Question

Select the simplification that accurately explains the following statement.

∛7 = 7^(1/3)

A. (7^(1/3))^3 = 7^(1/3) · 7^(1/3) · 7^(1/3) = 7^(1/3 + 1/3 + 1/3) = 7^(3/3) = 7^1 = 7

B. (7^(1/3))^3 = 7^(1/3) · 7^(1/3) · 7^(1/3) = 7 · 7^(1/3) = 3 · (1/3) · 7 = 1 · 7 = 7

C. (7^(1/3))^3 = 7^(1/3) · 7^(1/3) · 7^(1/3) = 7 · (1/3 + 1/3 + 1/3) = 7 · (3/3) = 7 · 1 = 7

D. (7^(1/3))^3 = 7^(1/3) · 7^(1/3) · 7^(1/3) = 7^(1/3) · (1/3) · (1/3) = 7^(3/3) = 7^1 = 7

Answer 1

The correct simplification is option A, which correctly applies the laws of exponents to show that cubing the cube root of 7 yields the original number 7.

Step-by-step explanation:

The correct simplification for the expression ∛7 = 7^(1/3) is shown in option A. This can be understood by following the laws of exponents, where when we multiply exponents with the same base, we add the exponents together.

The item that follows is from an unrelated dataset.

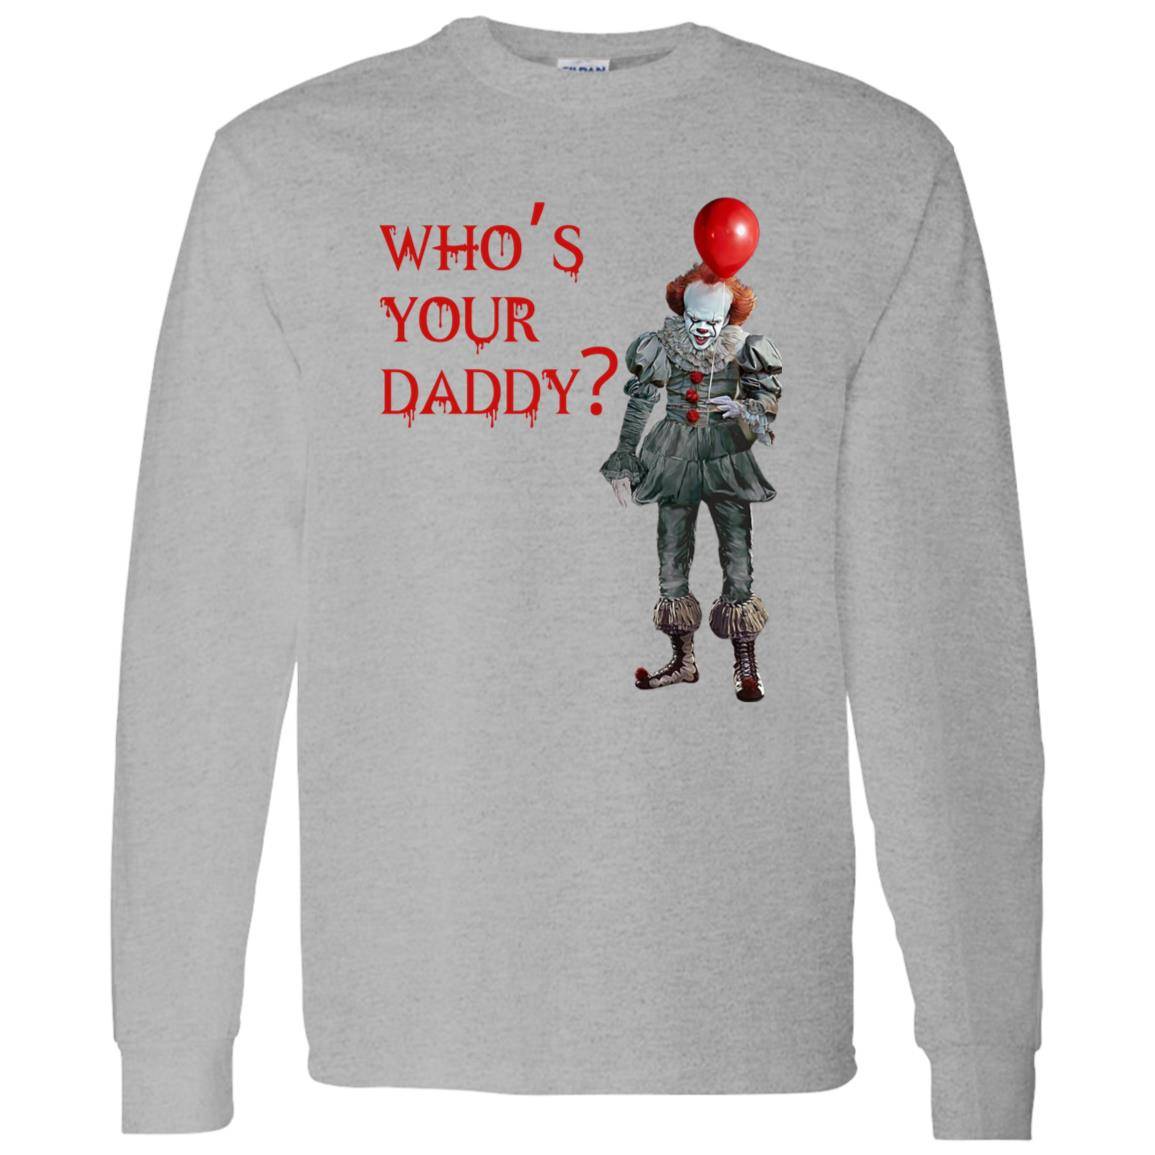 Sport gray unisex Halloween long sleeve t-shirt with an image of a sinister clown standing with a red balloon. The caption reads: Who's Your Daddy written in red, bloody letters. The clown is simulated to look like Pennywise the clown from the movie It.

The calculation goes as follows:

• (7^(1/3))^3 = 7^(1/3) · 7^(1/3) · 7^(1/3) = 7^(1/3 + 1/3 + 1/3) = 7^(3/3) = 7^1 = 7

This simplification illustrates that raising a number to the 1/3 power and then cubing the result (raising it to the power of 3) results in the original number, confirming the basic properties of roots and powers.